By Mercy IyeneAbasi Etim
No, you cannot literally eat concrete, but without it, you will starve.
Recently, David Mark, a man who spent at least 16 years as a senator, served as Senate President for eight years, and now leads a faction of the ADC, quipped after acknowledging President Bola Tinubu’s undeniable infrastructure reforms: “Na road we go chop?”
The remark attempts to mock the administration’s aggressive, capital-intensive infrastructure drive by framing it as disconnected from the immediate, everyday needs of the people.
While this rhetoric is politically convenient for the opposition during periods of inflation, it fundamentally misunderstands how economies function. Frankly, anyone who parrots this line or postures that we must tackle “stomach infrastructure” before touching anything else displays a glaring ignorance of nation-building.
And it is a indeed a profound shame that an individual who steered the nation’s legislature for nearly a decade would champion such a backward economic philosophy.
Infrastructure is not a luxury; it is an absolute necessity for life and sustainable economic growth. It is the primary conveyor belt that brings food to the table, and it is one of the most tangible ways the downtrodden feel the direct impact of governance.
If you allow yourself to think even a little, you will realise that investing in infrastructure—colloquially dismissed here as “eating roads”—is exactly how a nation feeds its people, creates jobs, and lowers the cost of living over the long term.
To argue that road construction offers no immediate relief to the poor means you have never visited civil engineering sites.
These large-scale projects are massive, localized economic lifelines. They instantly absorb an army of local laborers, site engineers, surveyors, and security personnel.
Hundreds of local youths and fresh graduates gain hands-on technical experience. It allows them to apply classroom theory to heavy machinery and modern concrete technology, permanently elevating their career marketability.
Furthermore, every major construction site births an immediate micro-economy. The local mama put, the akara and kuli-kuli sellers, the cement supplier, the iron rod merchant, and the nearby vulcanizer all experience an instant surge in daily patronage and disposable income.
For our SMEs and industries, bad roads are a punitive, undeclared tax.
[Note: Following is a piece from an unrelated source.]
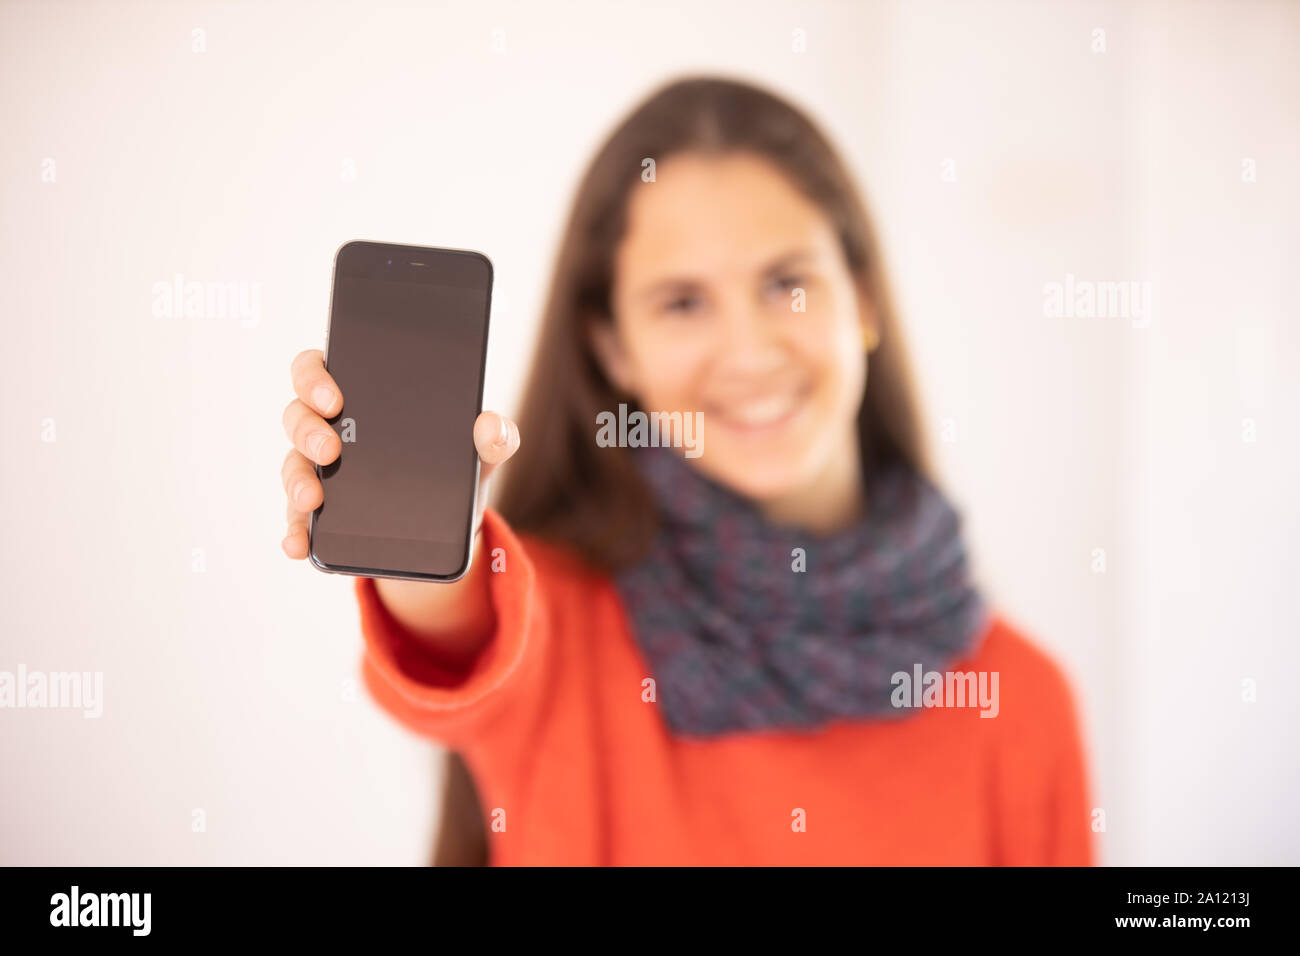 Chica adolescente feliz mostrando una maqueta de teléfono inteligente Foto Stock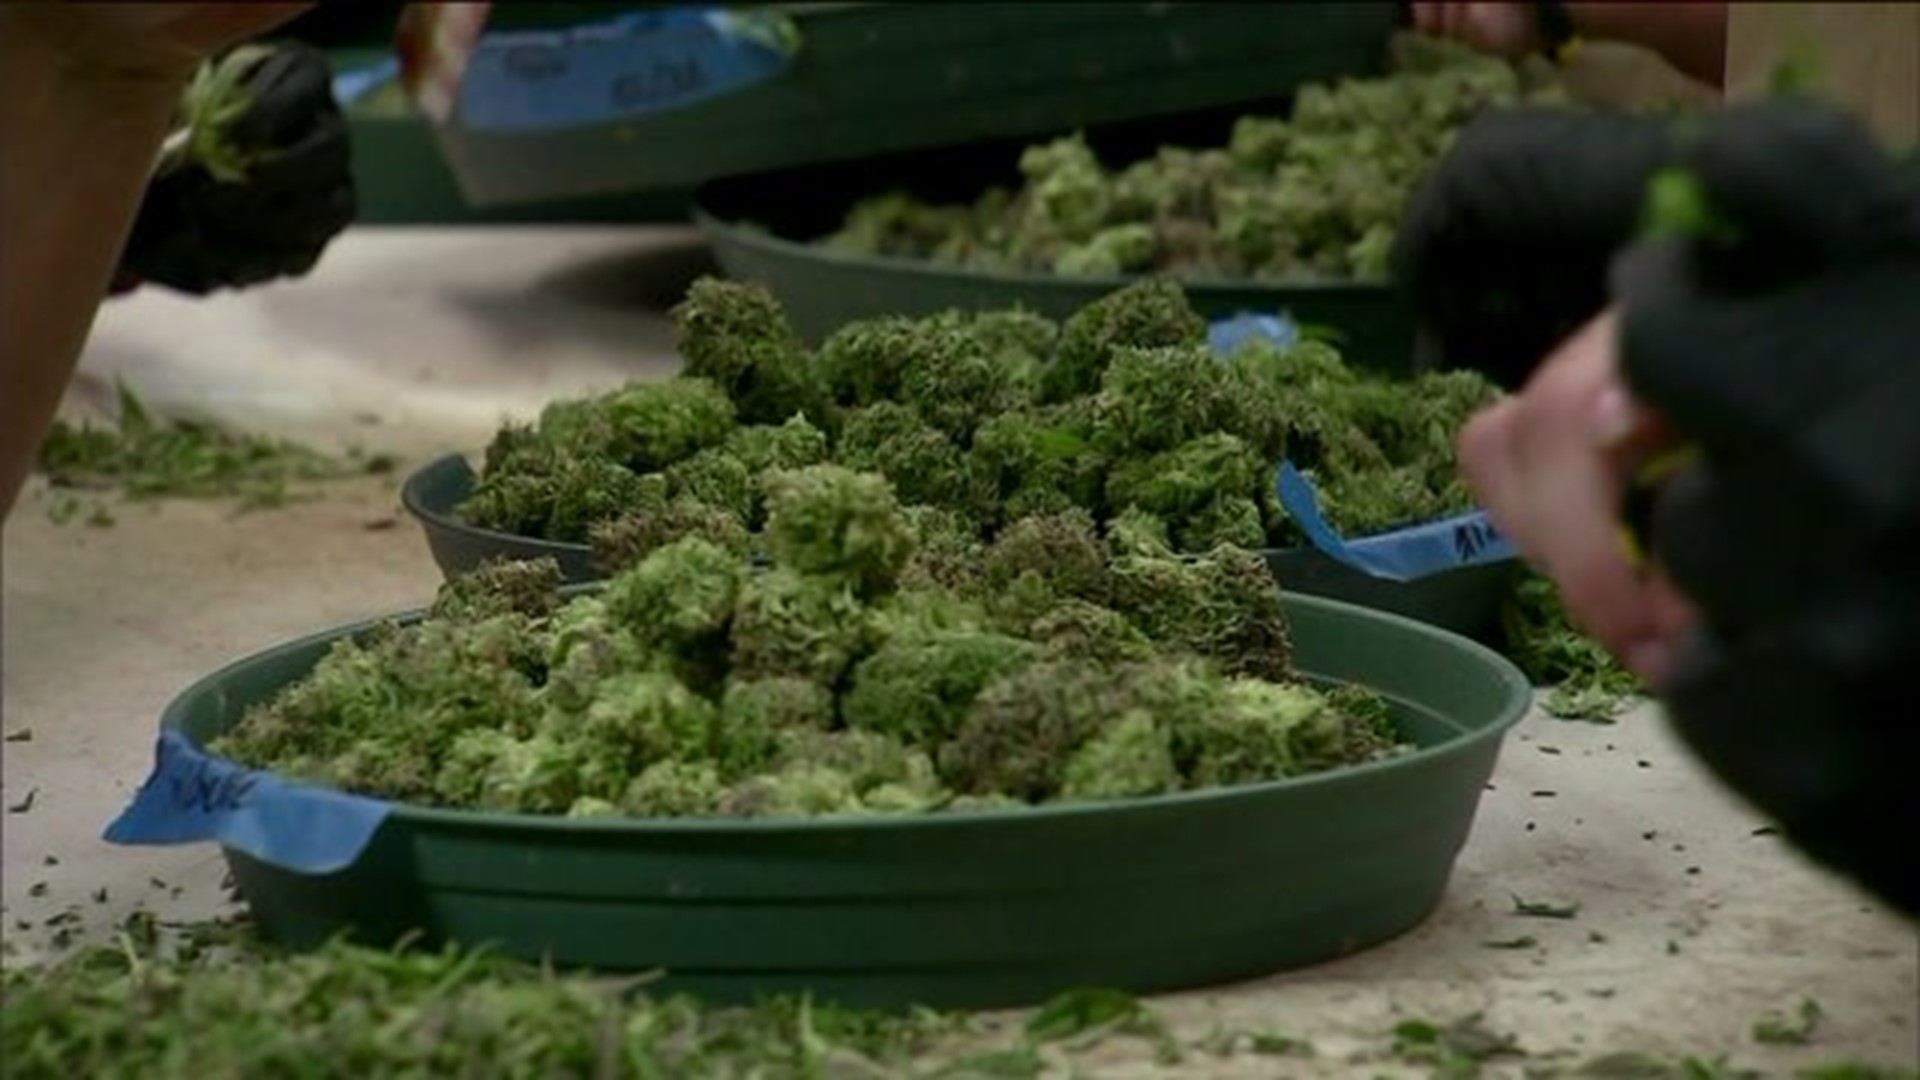 Legalizing recreational marijuana in CT

When an Aba fashion designer or a Lagos tech distributor cannot safely deliver packages nationwide, business suffocates. Manufacturing gridlocks without timely raw materials, forcing companies to bleed capital on mechanics and spare parts instead of funding expansion and salary increments.
No serious investor pours capital into a nation locked in gridlock. Landmark projects like the Lagos-Calabar Coastal Highway and the Sokoto-Badagry Superhighway open entirely new economic corridors, instantly transforming isolated land into industrial hubs.
By leveraging private-sector tax-credit schemes, the Tinubu administration is systematically plugging our decades-long infrastructure deficit and choking the root drivers of inflation—all without draining scarce liquid revenue.
The most direct rebuttal to David Mark’s query lies in the agricultural sector. Nigeria’s primary food crisis is not a failure of production, but a failure of transportation.
Due to deplorable rural roads, a staggering percentage of harvested perishable crops rot before ever reaching urban centers. Smooth, modern roads act as an active preservation mechanism by slashing transit times.
When a truck driver spends days navigating deep craters between Benue and Lagos, the exorbitant costs of diesel, vehicle maintenance, and transit delays are passed directly to the consumer at the market stall. Reliable transport networks break the monopoly of exploitative middlemen. Farmers gain the independence to transport and sell their produce directly to major markets, dramatically increasing their household income.
To dismiss infrastructure because you cannot chew it is standard populist foolishness. You cannot eat the trunk of a fruit tree either, but without it, the branches can never hold the harvest you need to survive.
By the way, it is highly instructional that David Mark spent eight uninterrupted years flying over the shattered Akwanga–Makurdi road in a helicopter because it was too dangerous for the poor people to ply. Yet today, under a Tinubu administration that fixed that exact corridor in under three years, the former Senate President can finally drive home to his village.
President Tinubu’s focus on concrete infrastructure is the long-awaited structural cure for an economy nearly ruined by decades of superficial fixes. The immediate pain of macroeconomic reforms is real, but playing politics with our long-term survival is reckless. If you genuinely want the poor to continue to eat, you must build the roads today.
Something that David would know if, as a Senator, he made his Mark.